The State of South Dakota’s Statewide Internal Control Framework was a 2020 GFOA Awards for Excellence Winner in the Exceptionally Well Implemented GFOA Best Practice category. GFOA’s Awards for Excellence in Government Finance recognize innovative programs and contributions to the practice of government finance that exemplify outstanding financial management. The awards stress practical, documented work that offers leadership to the profession and promotes improved public finance.
South Dakota Creates an Internal Control Framework
The State of South Dakota’s Statewide Internal Control Framework allows the state and its agencies to implement an adaptive, effective internal control system. The framework’s standards provide guidance for establishing, maintaining, assessing, and reporting effective internal controls across the state government. The purpose of this project is to provide a greater level of assurance to state leadership that the state is accomplishing its operational, reporting, and compliance outcomes.
The idea for the framework came about because of an instance of fraud committed by vendors that received funding from the state. As Mark Quasney, former statewide internal control officer and current state economist, explained that the investigations into the incident made state officials realize agencies weren’t following guidance consistently, and a standardized form of internal control across state government was needed to avoid running from issue to issue. Instead, the framework would give agencies the tools they needed to be able to identify issues before problems occurred and to put measures in place to mitigate those risks.”

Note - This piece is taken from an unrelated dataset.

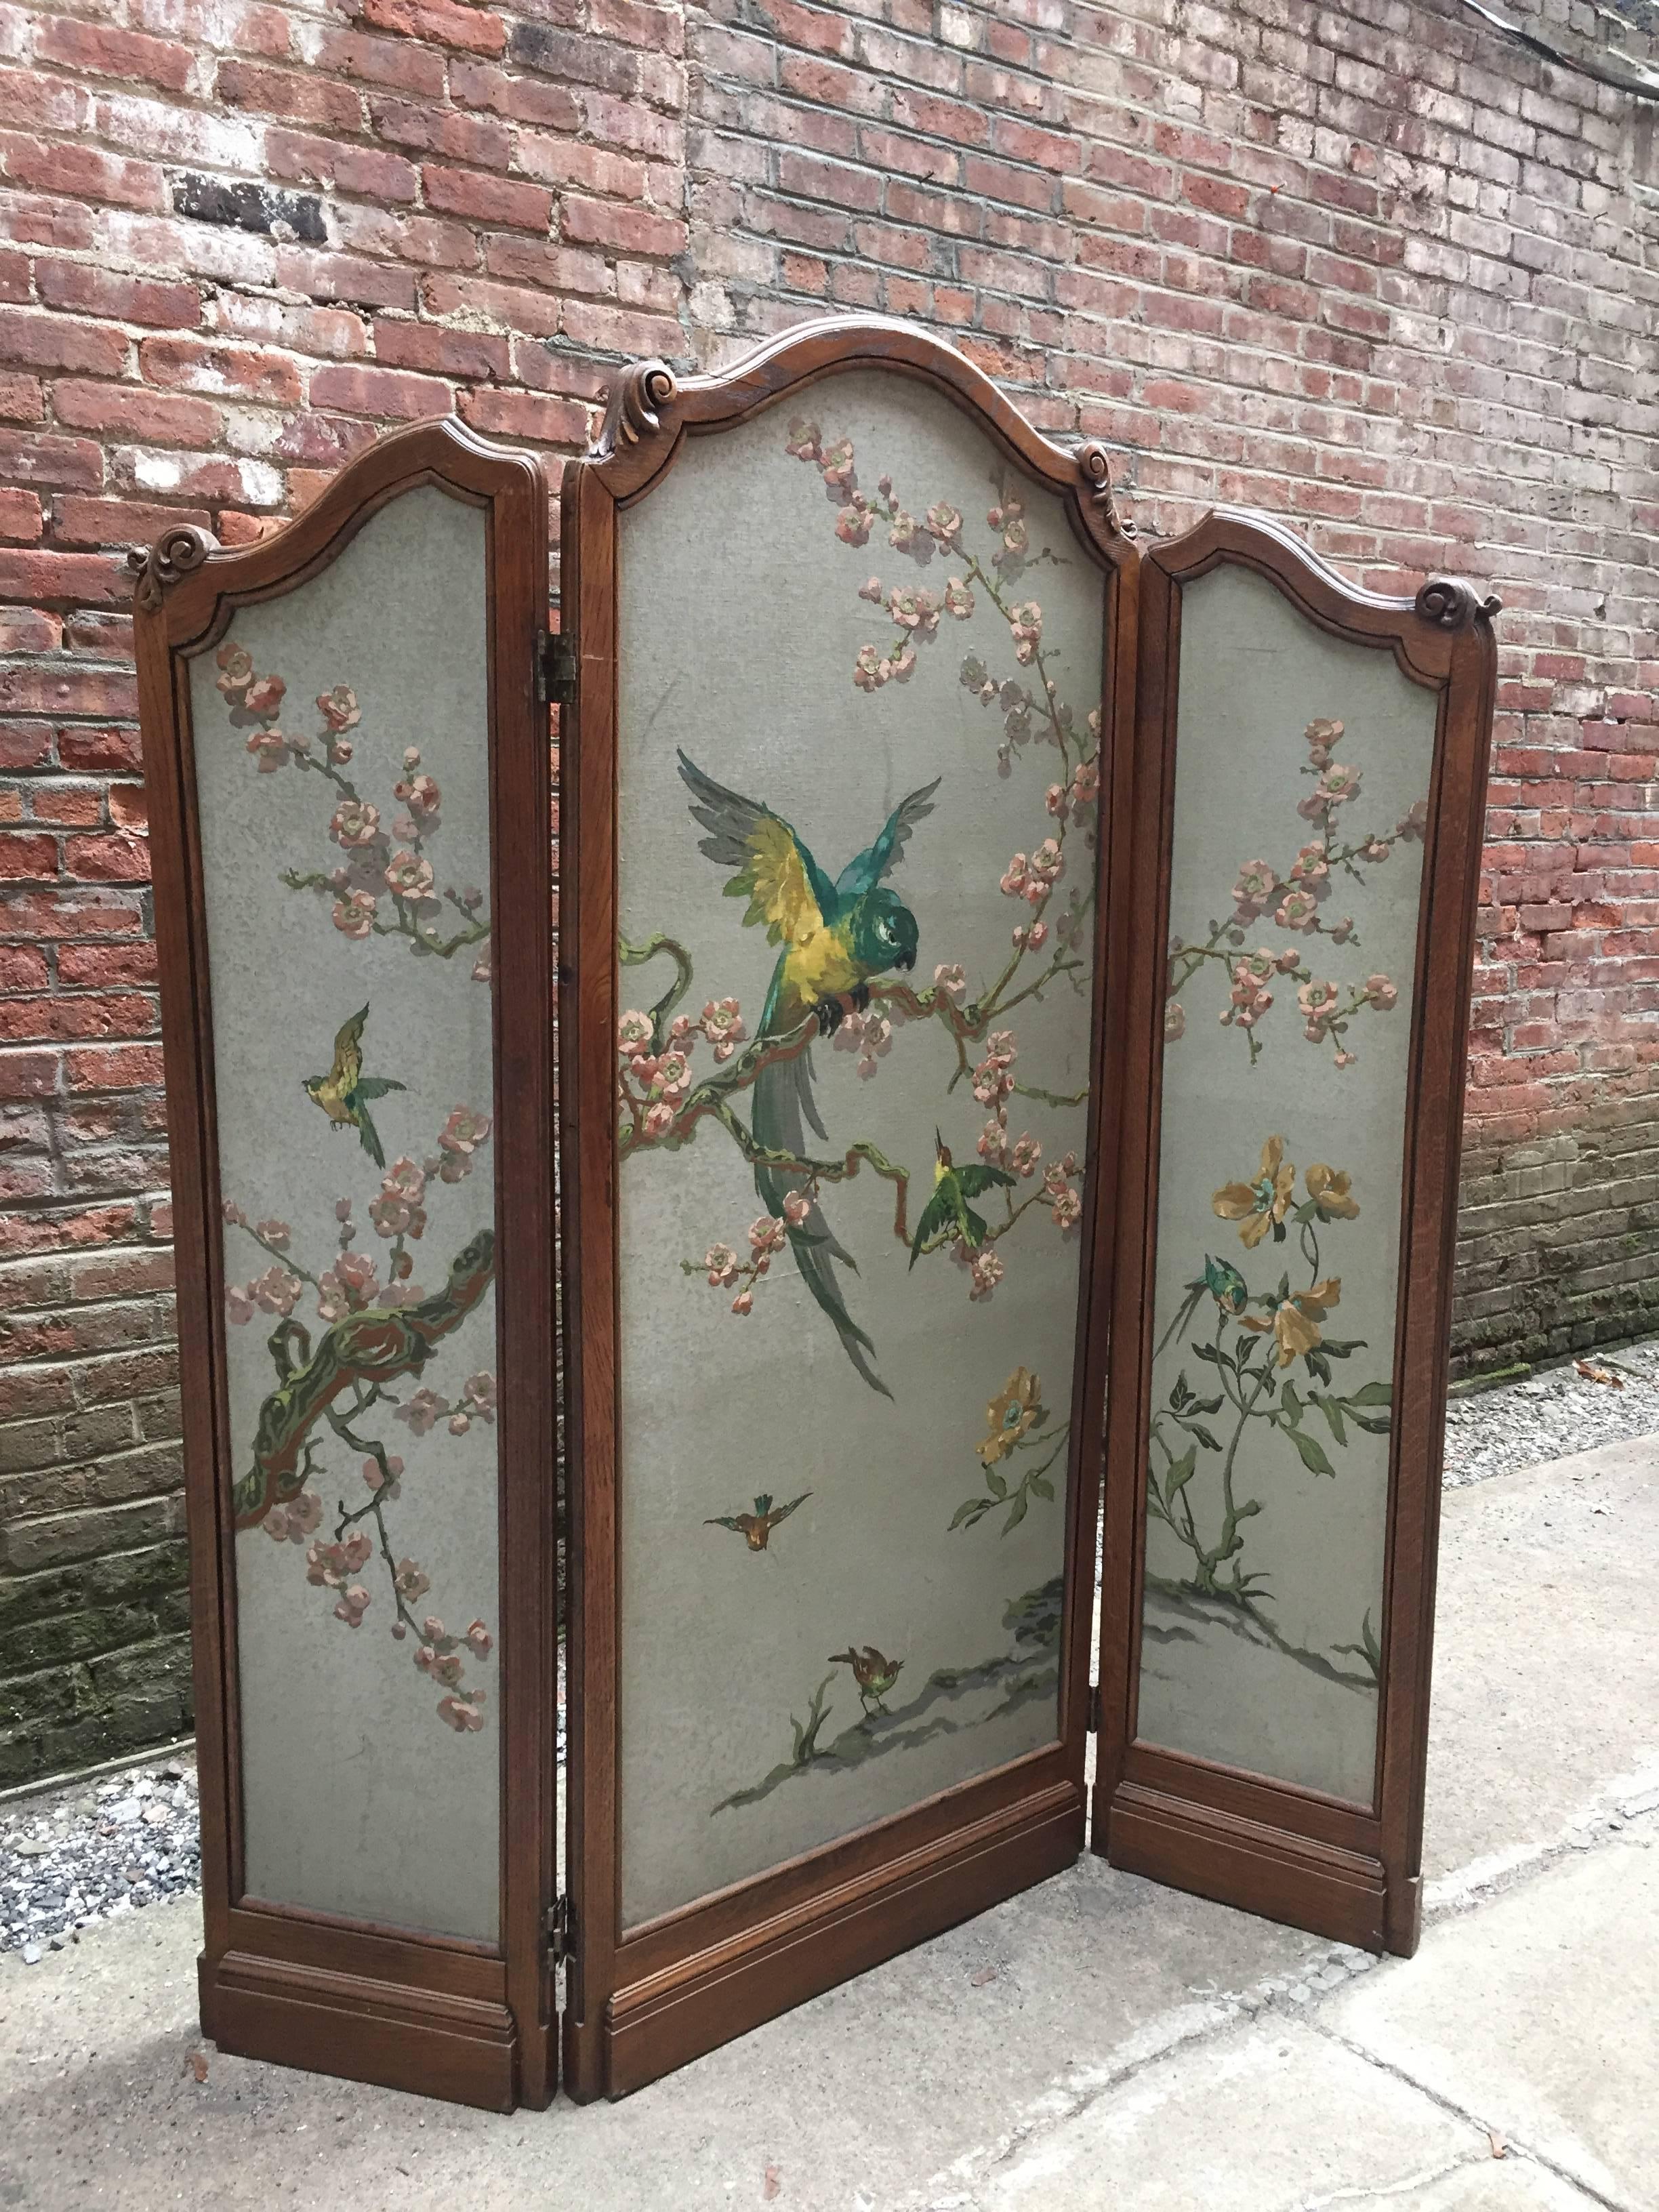 Masterfully hand-painted three part room divider with carved oak frame. Cherry Blossoms and birds decorate one side and verso is adorned with butterflies. The 1930s Japanese inspired screen is a statement for any room. Colorful and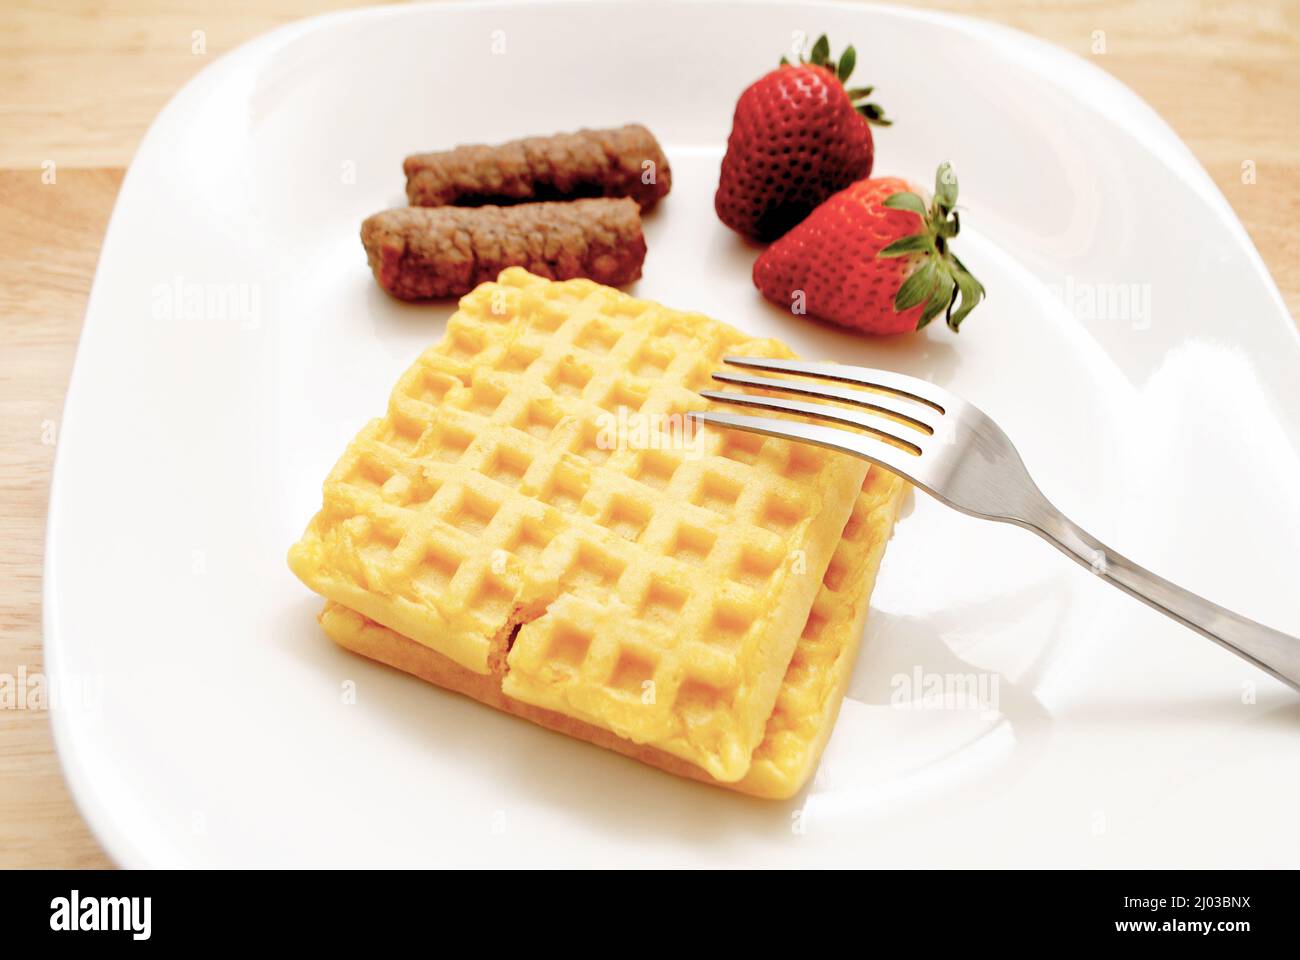 Waffles and Two Pork Sausage Links on a White Plate with Fresh Strawberries Stock Photo

The State of South Dakota was looking for a way to implement a system of internal control that went beyond what was already in place, Quasney explained. The state wanted to ensure that it was being proactive, not just reacting to instances of fraud as they occurred but actually preventing fraud from occurring.
Creating the Framework
The state worked with consultants to create the initial draft of the Statewide Internal Control Framework. To begin this process, a joint team worked with leaders and professionals across the state’s agencies. A multi-agency Internal Control Framework Steering Committee was created to gain more insight into the operation of each part of the state. The Statewide Internal Control Officer Framework then formally developed the framework in 2018, in collaboration with the Framework Steering Committee, and the framework was implemented over a 10- to 16-week period that included different levels of training. Agencies conduct their own risk identification, risk prioritization, control identification and documentation. Also, a State Board of Internal Control was created to build in accountability; agencies are required to report to the board twice a year about their internal controls.
The framework is closely aligned with the Committee of Sponsoring Organizations of the Treadway Commission (COSO) principles. COSO language is usually used by the private sector, but South Dakota adapted it for state government. As Quasney explained, “We understood that the public and private sectors don’t align perfectly and that there are some nuances in how governance occurs between government and private sector. We knew we couldn’t just take COSO and say, ‘OK, now the state is using COSO.’” South Dakota worked with its consultants to create something that was COSO-based but catered to a governmental setting.
Taking inspiration from COSO, the framework is made up of 8 elements: Program Management; Roles and Responsibilities; Tools and Technology Enablement; Continuous Improvement; Information, Communication, and Reporting; Monitoring and Testing; Control Identification; and Strategy and Governance. The elements are laid out in a wheel structure to build in continuous improvement as part of the process. The idea is that once an agency goes through the framework and all 8 elements, the agency “starts back over, constantly getting better, constantly improving the framework, constantly improving the state of internal control in state government,” Quasney said.
Getting Continuous Improvement Underway
The framework was designed to help agencies get that system of continuous improvement underway, after which each agency would be the owner of their own framework. Allysen Kerr, the current statewide internal control officer, explained that the guidance has to be put into operation at the agency level, not centrally by the state government. Quasney agreed, noting that the key is for agencies to own their respective frameworks. The framework is meant to be a tool to help agency leadership manage their agencies and to cover all categories of risk, not just to focus narrowly on something such as fraud, he explained.
As of May 2019, the Statewide Internal Control Framework had been implemented in two agencies, the Bureau of Finance and Management, and the Department of Revenue. The two agencies identified a total of 165 controls and 514 risks, and 100 percent of self-assessments were completed on time. Kerr and the state are now focused on contracting with a technology company to bring everything online and working with more agencies. They are working with one agency per quarter, implementing and set up the framework. “We sit down with one agency at a time and help identify risks, and see if they have any controls implemented for those risks,” Kerr said.
Challenges and Lessons Learned
Quasney and Kerr point out a number of challenges encountered in creating and implementing the framework. The main challenge, as mentioned above, was adapting the COSO framework to a public setting like the State of South Dakota. Quasney noted that the initial challenge was that other states haven’t addressed control by adapting something normally used in the private sector for government. “Balancing a very strong system of internal control and also understanding that agencies have their independence was a critical part of this challenge,” he explained. The state created the steering committee, held question and answer sessions, developed the framework, bounced ideas off the steering committee to find what would work and what would need some revision.
Other challenges included creating buy-in for the framework among state agencies and finding software partners that understood what the government would need.
GFOA Best Practices
The state followed GFOA’s Internal Control Framework best practice in creating its Statewide Internal Control Framework.